Case Presentation: A 37 year old African-American man presented with numbness in the hands and weakness of both the upper and lower extremities for a month’s duration. Patient stated that the proximal muscle weakness has worsened in the past week with diffuse myalgia. Of note, patient experienced an erythematous papular rash on his upper and lower extremities, which resolved prior to his presentation. Rash was not painful nor pruritic. He was in his normal state of health until 1 month ago. He was very athletic: an active basketball player that became easily tired and found difficulty standing. 
He appeared comfortable upon assessment. Vital signs were stable. Physical exam revealed no cranial nerve deficits. However, there was the following: Decreased strength (4/5) in both upper and lower extremities. Decreased light touch sensation is noted in bilateral fingers and toes. Deep tendon reflexes were intact and symmetrical. There was no visible muscle atrophy, nor palpable muscle tenderness. Patient had difficulty walking secondary to weakness. Gait appeared to be normal. No rash was visualized on screen exam. CBC and BMP were unremarkable. Plain films of the thoracic and lumbar spines were reported as unremarkable. Upon further investigation, MRI of the spine revealed diffuse abnormal increased T2 signal and expansion involving the spinal cord from the C1-T2 levels with nodular areas of postcontrast enhancement involve the spinal cord. Mild spinal cord compression was present from the C3-C4 through C6-C7 levels secondary to disc bulges, disc herniations, and facet degenerative changes. Extensive mediastinal lymphadenopathy was noted in the right paratracheal, subcarinal, and bilateral hilar regions. Lumbar puncture was performed with elevated protein level on 71 mg/dl. Further serologies as notable for an elevated ACE level of 158 u/L. Patient underwent EBUS for lymph node biopsy. Lymph node biopsy suggested granulomtaous lymphadenitis. These findings in concurrence with patient’s symptoms and history denote that he developed neurosarcoidosis. Patient was on Decadron IV as an inpatient regimen and discharged with Prednisone PO upon improvement of symptoms.

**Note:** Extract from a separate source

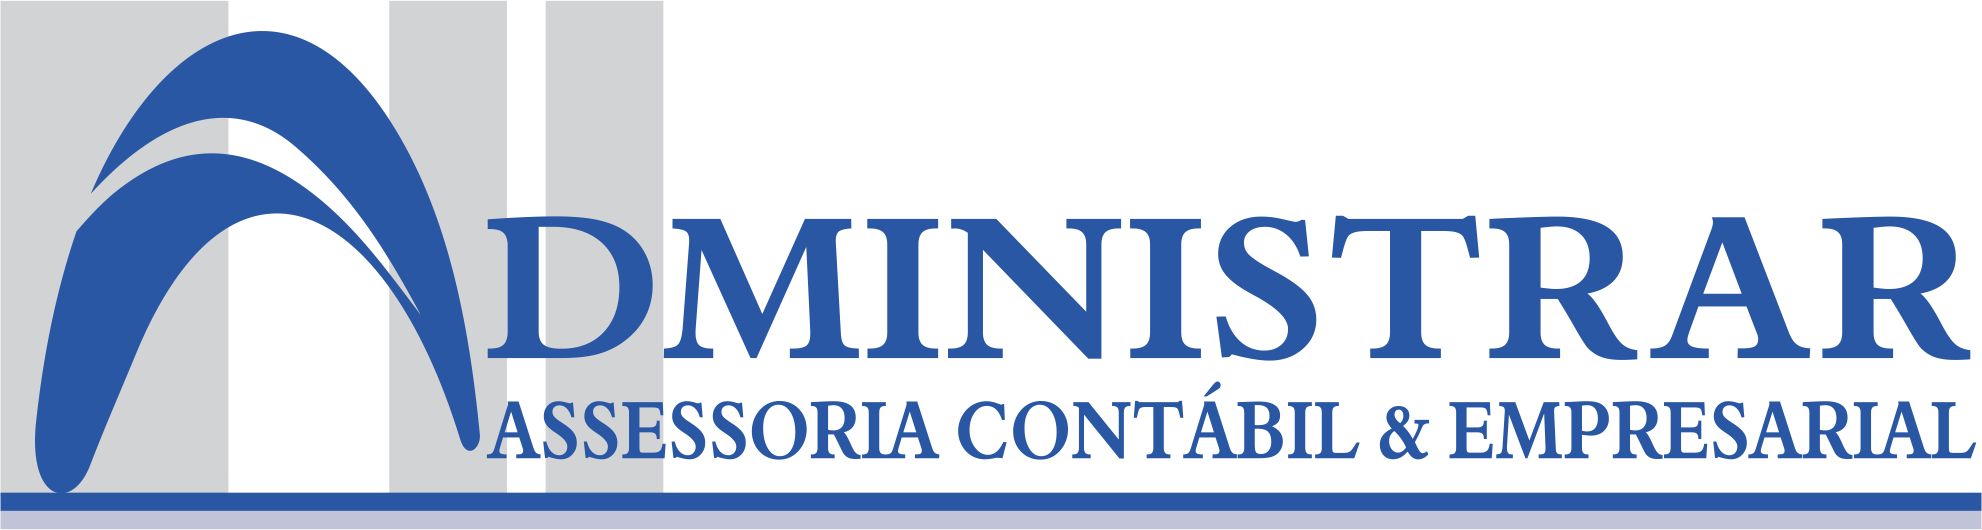 Administrar_Logo.jpg

Discussion: Given the gravity of patient’s symptoms, there was a concern for acute phenomenon and initial differential was vast. In this patient’s case urgent diagnostic workup was necessary: spinal fluid assessment and MRI was esssential. In his case: neurosarcoidosis was found. Of note, definite diagnosis was of neurosarcoidosis is via nervous system biopsy. About 50% of neurosarcoidosis patients present with neurologic deficits at times of first diagnosis. Treatment consists of corticosteroids and immunomodulators. Resection is rarely indicated. Radiation therapy is indicated for refractory disease and should be considered if patients fail corticosteroid therapy and trials of at least two alternative agents.
Conclusions: Sarcoidosis can affect persons from various ethnicities: In the US sarcoid is more common in people of African decent. Sarcoidosis commonly affects young adults of both sexes: It occurs most commonly in adults from 20 to 40 years of age. There is also report of second peak of sarcoid over the age of 50. 30% of patients present with extrapulmonary sarcoid. Furthermore neurologic complications occur in ~5%-10% of sarcoid cases. Therefore, it is wise to keep in mind young patients with neurologic deficts should have neurosarcoidosis in the differential.